__Records contained in a dataset__:
BEGIN
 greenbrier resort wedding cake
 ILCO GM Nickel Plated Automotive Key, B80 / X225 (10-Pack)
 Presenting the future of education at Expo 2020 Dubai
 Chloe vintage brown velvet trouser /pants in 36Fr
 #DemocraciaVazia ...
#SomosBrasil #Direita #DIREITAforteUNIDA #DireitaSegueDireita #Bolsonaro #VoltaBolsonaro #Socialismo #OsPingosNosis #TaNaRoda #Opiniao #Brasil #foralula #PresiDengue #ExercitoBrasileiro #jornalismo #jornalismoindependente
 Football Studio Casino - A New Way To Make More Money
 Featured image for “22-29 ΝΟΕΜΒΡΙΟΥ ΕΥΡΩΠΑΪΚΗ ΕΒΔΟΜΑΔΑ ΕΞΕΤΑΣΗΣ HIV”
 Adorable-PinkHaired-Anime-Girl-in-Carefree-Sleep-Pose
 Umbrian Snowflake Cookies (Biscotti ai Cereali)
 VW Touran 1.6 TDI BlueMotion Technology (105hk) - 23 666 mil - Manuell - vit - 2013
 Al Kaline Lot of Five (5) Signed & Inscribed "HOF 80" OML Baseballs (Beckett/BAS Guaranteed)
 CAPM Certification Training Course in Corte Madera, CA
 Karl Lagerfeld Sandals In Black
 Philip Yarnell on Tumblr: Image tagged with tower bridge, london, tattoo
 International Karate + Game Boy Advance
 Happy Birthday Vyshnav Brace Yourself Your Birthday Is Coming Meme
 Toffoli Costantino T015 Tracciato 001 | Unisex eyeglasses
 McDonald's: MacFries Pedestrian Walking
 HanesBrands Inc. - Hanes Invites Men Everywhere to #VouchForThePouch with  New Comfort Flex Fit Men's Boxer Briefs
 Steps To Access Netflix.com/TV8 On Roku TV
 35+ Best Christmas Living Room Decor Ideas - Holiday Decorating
END
__DIRECTIONS__: Every line of the data above should be reproduced word for word.

__REPLY__:
 greenbrier resort wedding cake
 ILCO GM Nickel Plated Automotive Key, B80 / X225 (10-Pack)
 Presenting the future of education at Expo 2020 Dubai
 Chloe vintage brown velvet trouser /pants in 36Fr
 #DemocraciaVazia ...
#SomosBrasil #Direita #DIREITAforteUNIDA #DireitaSegueDireita #Bolsonaro #VoltaBolsonaro #Socialismo #OsPingosNosis #TaNaRoda #Opiniao #Brasil #foralula #PresiDengue #ExercitoBrasileiro #jornalismo #jornalismoindependente
 Football Studio Casino - A New Way To Make More Money
 Featured image for “22-29 ΝΟΕΜΒΡΙΟΥ ΕΥΡΩΠΑΪΚΗ ΕΒΔΟΜΑΔΑ ΕΞΕΤΑΣΗΣ HIV”
 Adorable-PinkHaired-Anime-Girl-in-Carefree-Sleep-Pose
 Umbrian Snowflake Cookies (Biscotti ai Cereali)
 VW Touran 1.6 TDI BlueMotion Technology (105hk) - 23 666 mil - Manuell - vit - 2013
 Al Kaline Lot of Five (5) Signed & Inscribed "HOF 80" OML Baseballs (Beckett/BAS Guaranteed)
 CAPM Certification Training Course in Corte Madera, CA
 Karl Lagerfeld Sandals In Black
 Philip Yarnell on Tumblr: Image tagged with tower bridge, london, tattoo
 International Karate + Game Boy Advance
 Happy Birthday Vyshnav Brace Yourself Your Birthday Is Coming Meme
 Toffoli Costantino T015 Tracciato 001 | Unisex eyeglasses
 McDonald's: MacFries Pedestrian Walking
 HanesBrands Inc. - Hanes Invites Men Everywhere to #VouchForThePouch with  New Comfort Flex Fit Men's Boxer Briefs
 Steps To Access Netflix.com/TV8 On Roku TV
 35+ Best Christmas Living Room Decor Ideas - Holiday Decorating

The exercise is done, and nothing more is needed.